В схеме «Vendor Email Compromise» (VEC) используется тот же приём, но с другим углом зрения: злоумышленники взламывают учетные записи сотрудников компании-поставщика или выдают себя за них, а затем используют существующие деловые отношения, чтобы мошеннические запросы на оплату выглядели вполне обычными. 

4. Фарминг

Фарминг — это атака, при которой вы делаете все правильно, но все равно попадаете на поддельный сайт.

Злоумышленники используют уязвимости в системе DNS или изменяют настройки DNS с помощью вредоносного ПО, в результате чего даже правильно введенный URL-адрес приводит к поддельному сайту. Адресная строка браузера может выглядеть вполне нормально. Здесь нет подозрительной ссылки, на которую можно навести курсор, и нет явных признаков в электронном письме, поскольку в некоторых случаях письма вообще нет. Вы просто заходите на сайт, который посещали десятки раз, и попадаете туда, куда не собирались.

Фарминг обнаружить сложнее, чем поддельную ссылку, а научить систему противостоять ему — тем более

5. Компрометация деловой электронной почты (BEC)

Город в Колорадо потерял более 1 миллиона долларов после того, как злоумышленник отправил поддельный запрос на обновление платежных данных местной строительной компании. Сотрудник обновил платежные реквизиты, и средства были перенаправлены. К тому времени, когда кто-то это заметил, деньги уже исчезли.

BEC — это либо взломанная учетная запись легитимной электронной почты, либо достаточно убедительная имитация такой учетной записи, которая используется для авторизации транзакций, перенаправления платежей или похищения конфиденциальных данных. Отчет ФБР о киберпреступлениях за 2019 год указано, что убытки от BEC в том году составили более 1,7 миллиарда долларов, что составляет более половины всех зарегистрированных убытков от киберпреступлений, и с тех пор эти цифры только растут.

Эффективность BEC заключается в том, что запрос поступает через канал, которому люди уже доверяют, например, с известного адреса электронной почты, от поставщика, с которым у них уже налажены отношения, или от человека, чьё имя им знакомо. Одобрение происходит до того, как кому-либо приходит в голову проверить информацию через другой канал.

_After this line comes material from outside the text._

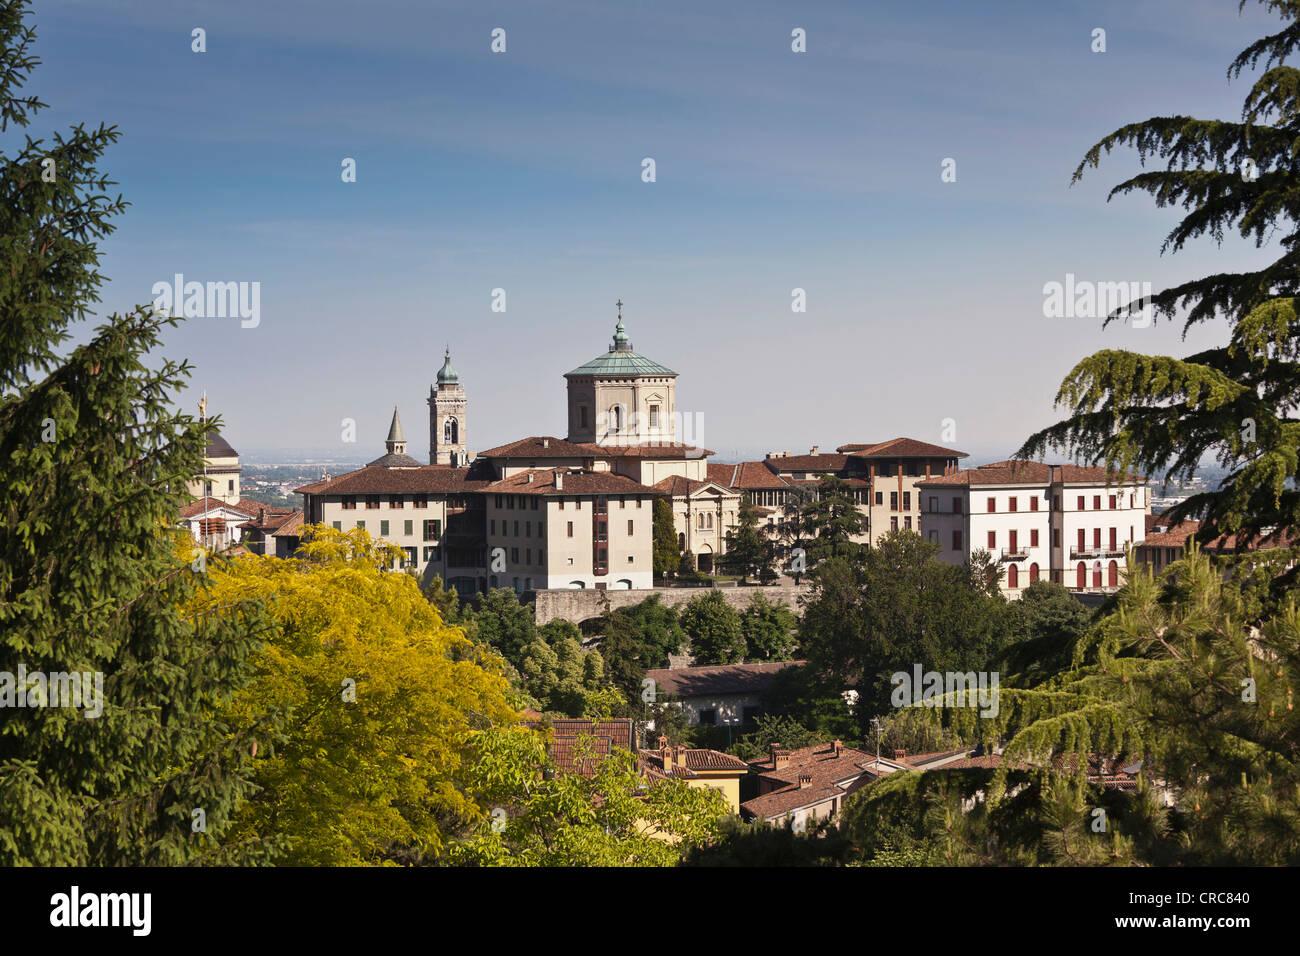 Vista aérea de los edificios en la ciudad Foto de stock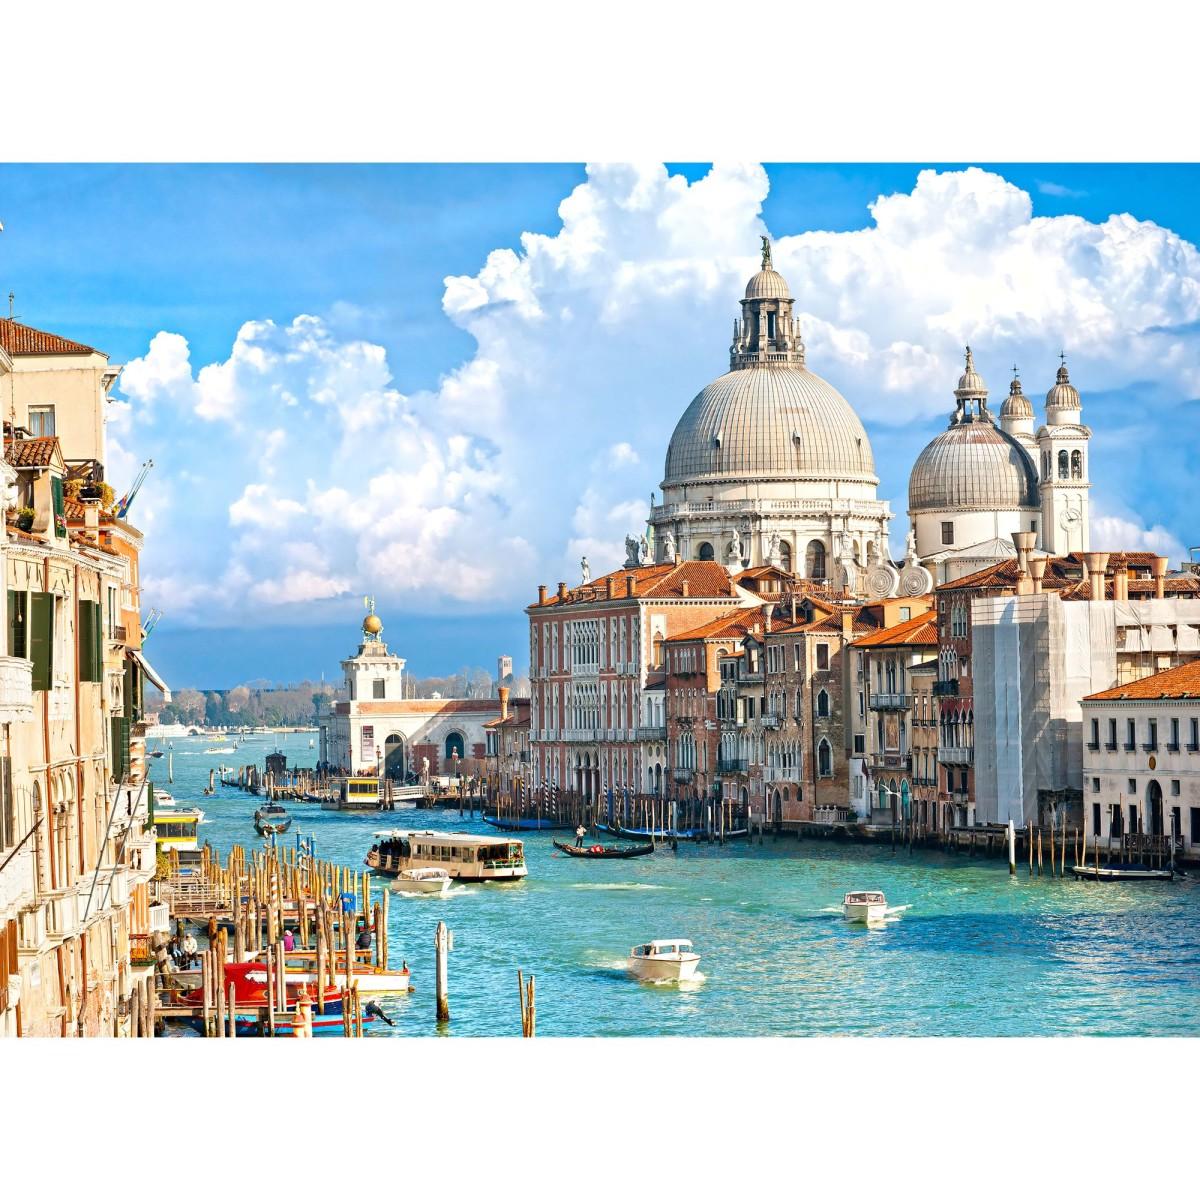 Фотообои флизелиновые «Венеция» 370х270 см

Применение DMARC устраняет вектор прямого подражания: злоумышленник не сможет отправлять электронные письма, проходящие аутентификацию как отправленные с вашего домена, без доступа к вашим ключам подписи. Мониторинг PowerDMARC в в режиме реального времени выявляет сбои аутентификации и необычные модели отправки, прежде чем они превратятся в инциденты.

В отличие от устаревших решений, PowerDMARC специально разработан как для крупных предприятий, так и для MSP и предлагает: расширенные возможности отчетности, автоматизированное управление SPF и многопользовательские информационные панели. Узнайте, почему наши клиенты ставят нас на первое место на G2.

Узнайте, как мы помогли компании Digital Infinity IT Group предотвратить фишинговые атаки

Полный перечень типов фишинговых атак

Чаще всего основное внимание уделяется электронной почте, но она — не единственный канал атак. 

Фишинг с использованием коммуникационных каналов

• Вишинг (голосовой фишинг): Вишинг — это мошенничество по телефону, при котором злоумышленник звонит, представляется сотрудником банка, службы ИТ-поддержки или государственного учреждения и побуждает вас устно сообщить свои учетные данные. Здесь нет ссылок, на которые можно навести курсор, или адреса отправителя, который можно проверить. Только голос и правдоподобная история.
• Смишинг (SMS-фишинг): Смишинг — это SMS-версия вишинга, включающая короткий текст, создающий ощущение срочности, и вредоносную ссылку. Этот метод особенно эффективен в отношении пользователей мобильных устройств, поскольку люди переходят по ссылкам в SMS-сообщениях быстрее и менее внимательно, чем в электронных письмах, а большинство телефонов не отображают полный URL-адрес до нажатия на ссылку.
• «Клонированный фишинг»: этот вид фишинга ловит в свои сети тех, кто считает себя осторожным. Злоумышленник берет настоящее письмо, которое вы уже получили, точно его копирует, заменяет ссылки или вложения на вредоносные версии и отправляет его заново в качестве продолжения переписки. 

Веб-фишинг

• HTTPS-фишинг: поддельные сайты с действительными SSL-сертификатами. Значок замка означает, что соединение зашифровано. Он ничего не говорит о том, является ли сайт на другом конце подлинным. 
• Всплывающий фишинг: всплывающие окна в браузере, маскирующиеся под предупреждения о безопасности или системные уведомления, с просьбой войти в систему или что-то скачать
• «Злой близнец»: поддельная сеть Wi-Fi с таким же названием, как и у легитимной, созданная в кафе, аэропорту или холле отеля. Вы подключаетесь, не проверив. Ваш трафик попадает туда, куда не должен.
• Атаки типа «водопой»: вместо того чтобы нацеливаться непосредственно на жертв, злоумышленники взламывают веб-сайты, которые регулярно посещают сотрудники целевой организации. Заражение происходит с сайта, которому вы уже доверяете. Для этого не требуется отправлять подозрительные электронные письма, и именно это затрудняет обнаружение атаки.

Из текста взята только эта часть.